Combining two therapies could make the tumor regress and improve the chances of survival in some patients.
- Scientists have tested the effectiveness of a therapy combining the injection of an oncolytic virus and intravenous immunotherapy in a clinical trial.
- In more than half of patients with recurrent glioblastoma, brain tumors have shrunk and some have even disappeared.
- As for their median survival after treatment, it was estimated at 12.5 months.
It is the most common and deadliest tumor in adults. Glioblastoma develops from glial cells in the brain and is characterized by aggressive behavior and resistance to treatment. “Despite the various therapies available, patients invariably experience a recurrence of their disease on average seven months after diagnosis,” American researchers said. This recurrence is usually associated with a rapid deterioration in the patient’s health. “Unfortunately, therapeutic options in the event of recurrence are rare. Those that exist have very limited efficacy, with median survival being only around 6 to 8 months after tumor progression”, they added.

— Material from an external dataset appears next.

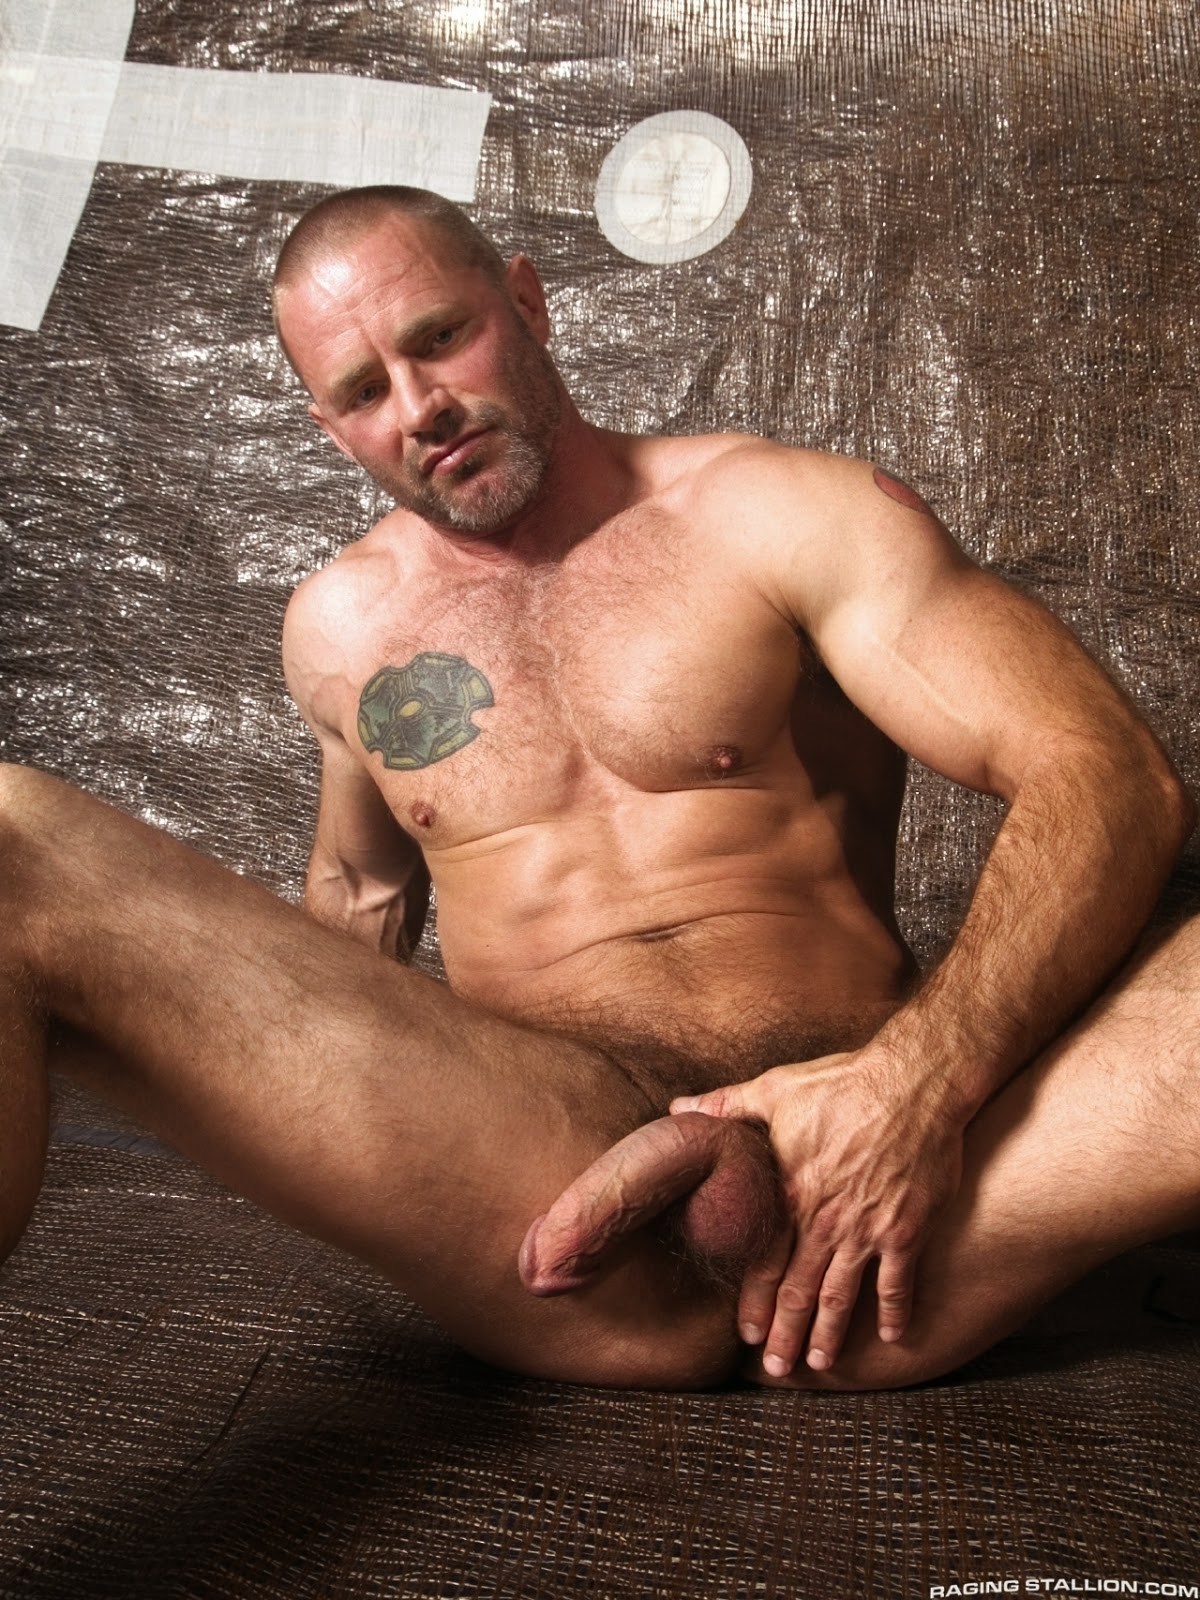 August Habarcs Porno showing xxx images for brendan killen porn star xxx | www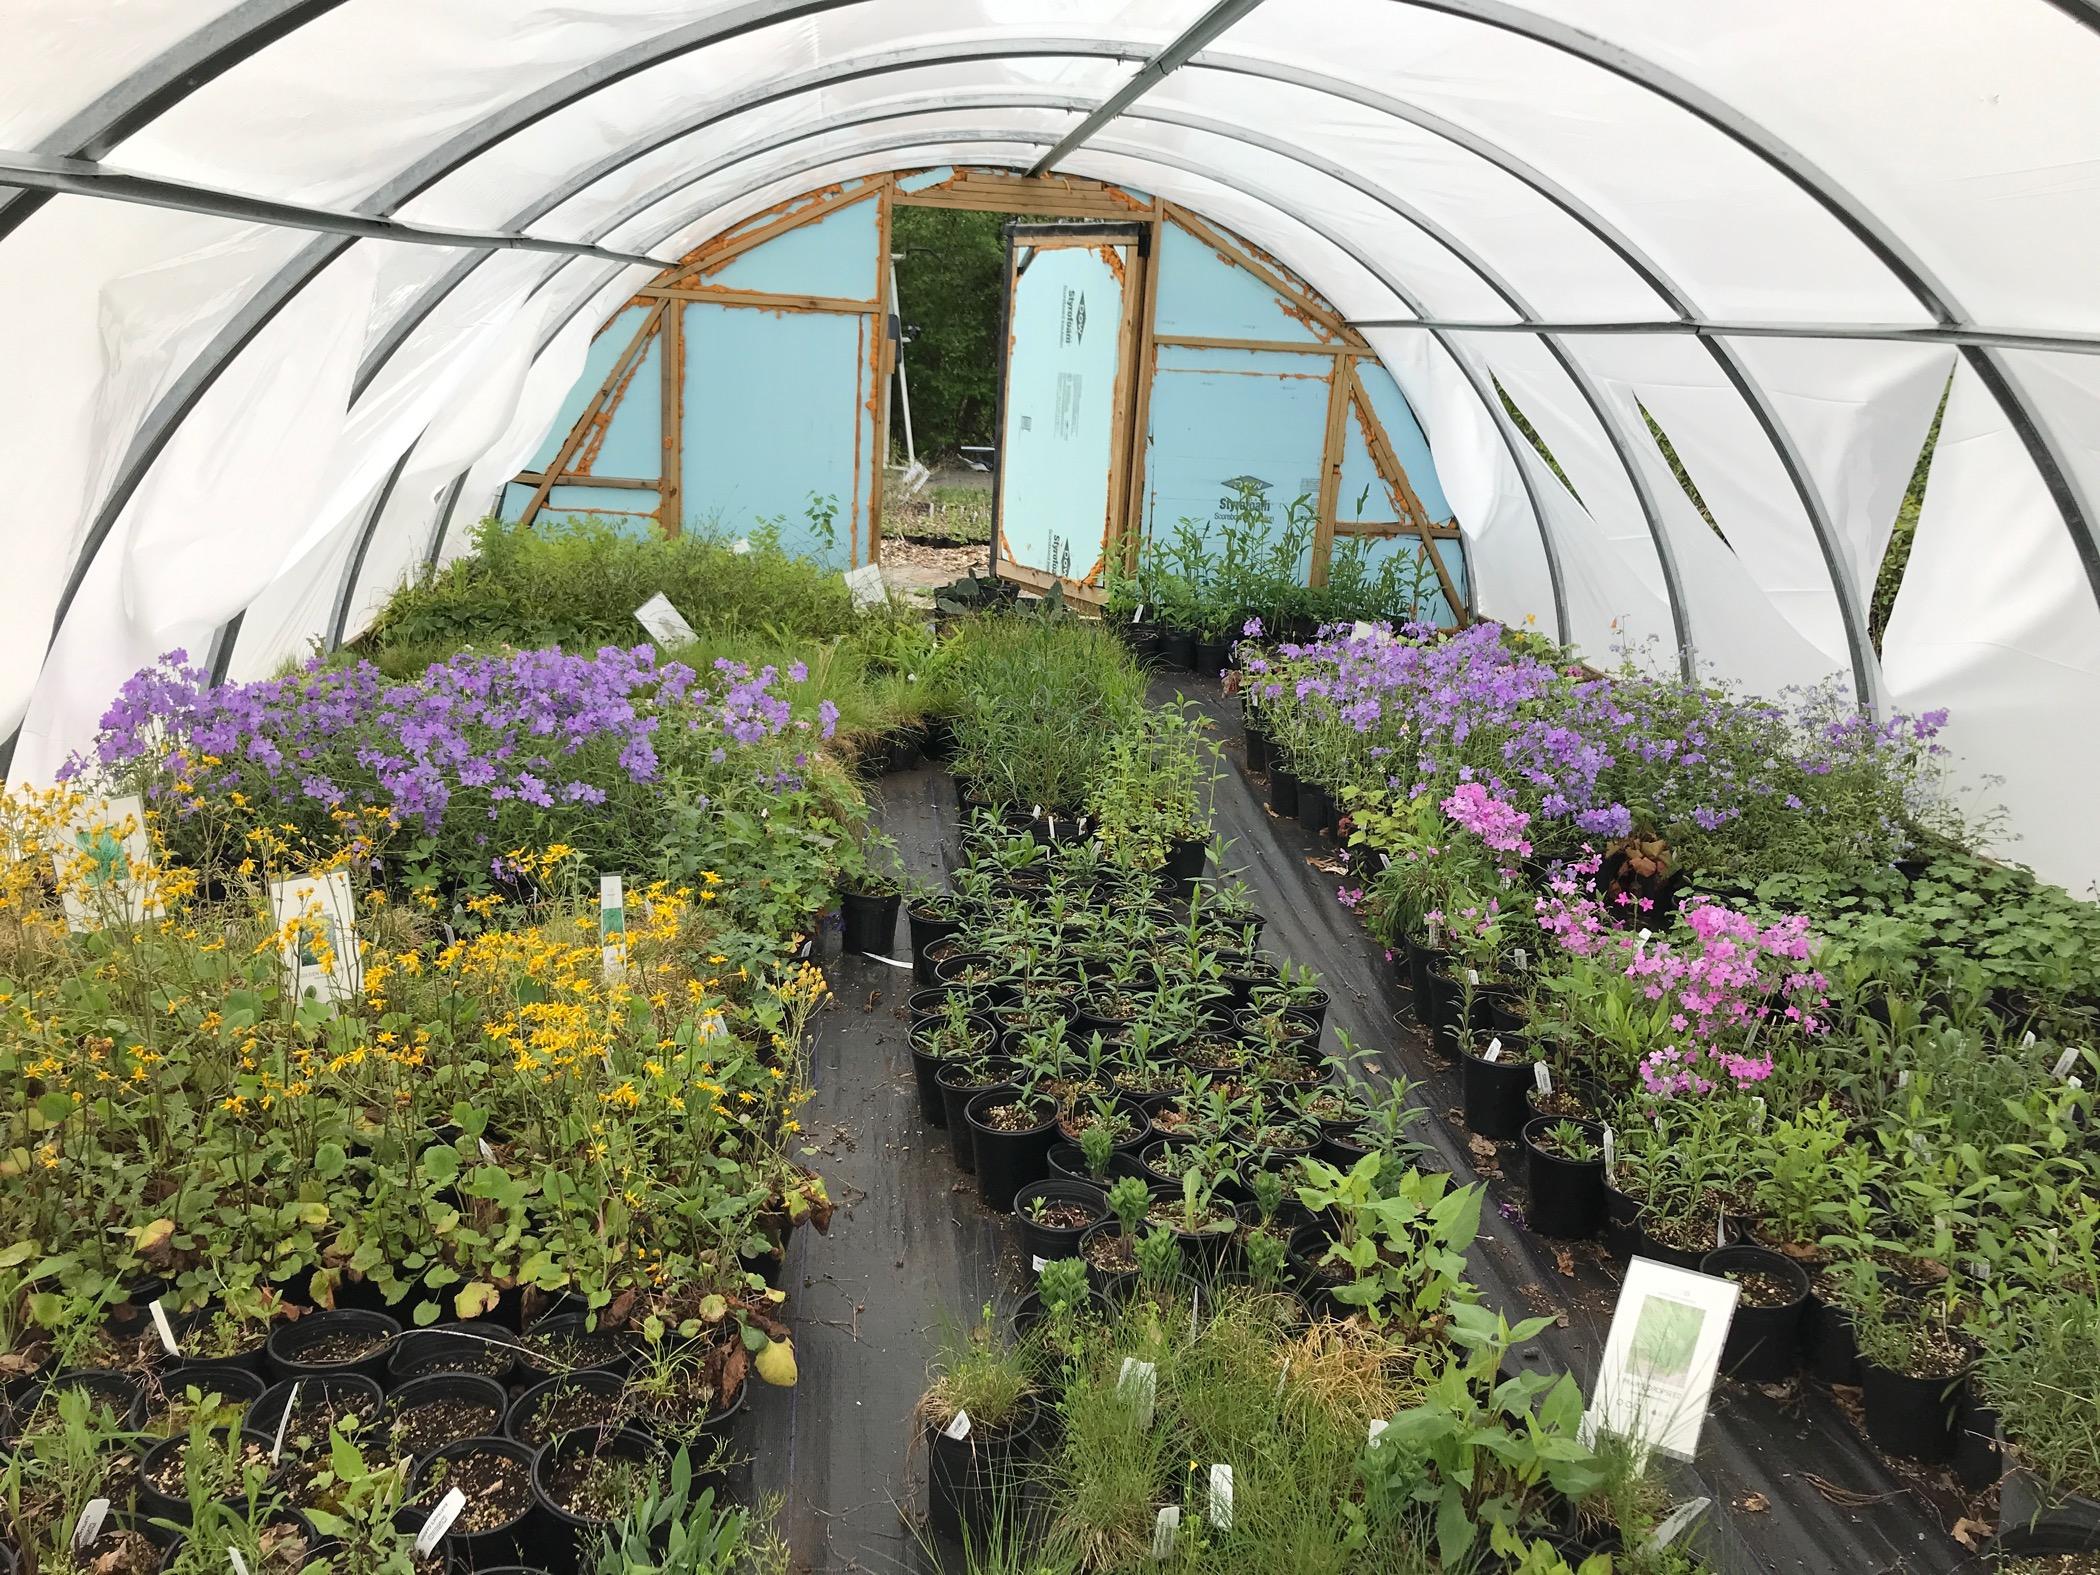 How To Start A Garden During Coronavirus Whyy

Combining oncolytic virus injection and intravenous immunotherapy
That’s why scientists wanted to test the effectiveness of a new approach to treating glioblastoma. The latter combines the injection of an oncolytic virus directly into the tumor and intravenous immunotherapy. The oncolytic virus used specifically targets cancer cells, while immunotherapy boosts the body’s immune response against the tumor. To determine the maximum tolerated dose of this combination therapy, they performed a phase I/II clinical trial. As part of the study, they recruited 49 people with recurrent glioblastoma.
Glioblastoma: a median survival of 12.5 months and brain tumor shrinkage
According to the results, published in the journal NatureMedicinethis combination therapy would have made it possible to regress the tumor in some patients. “More than half of our patients achieved clinical benefit – stable disease or better – and we saw remarkable responses with tumors that shrank, and some even completely disappeared,” said Dr. Farshad Nassiri, author of the work and researcher at the University of Toronto (Canada), in a statement.
Another finding: the treatment allowed a median survival of 12.5 months, which is considerably longer than the six to eight months generally observed with existing therapies. “Three patients are still alive 45, 48 and 60 months after the start of the clinical trial”, said Dr. Farshad Nassiri. Furthermore, the combination therapy did not cause major adverse effects. “We believe that the key to our success has been to deliver the virus directly into the tumor before using systemic immunotherapy. Our results clearly show that this approach can be safe and effective,” continued the researcher.
A new genetic signature associated with treatment response
After discovering these promising results, the team also performed genetic analyzes on the patients’ tumor samples. They identified immune characteristics that could potentially help doctors determine responses to treatment and understand resistance mechanisms in glioblastoma. This discovery could help predict which people are most likely to benefit from this new therapeutic approach.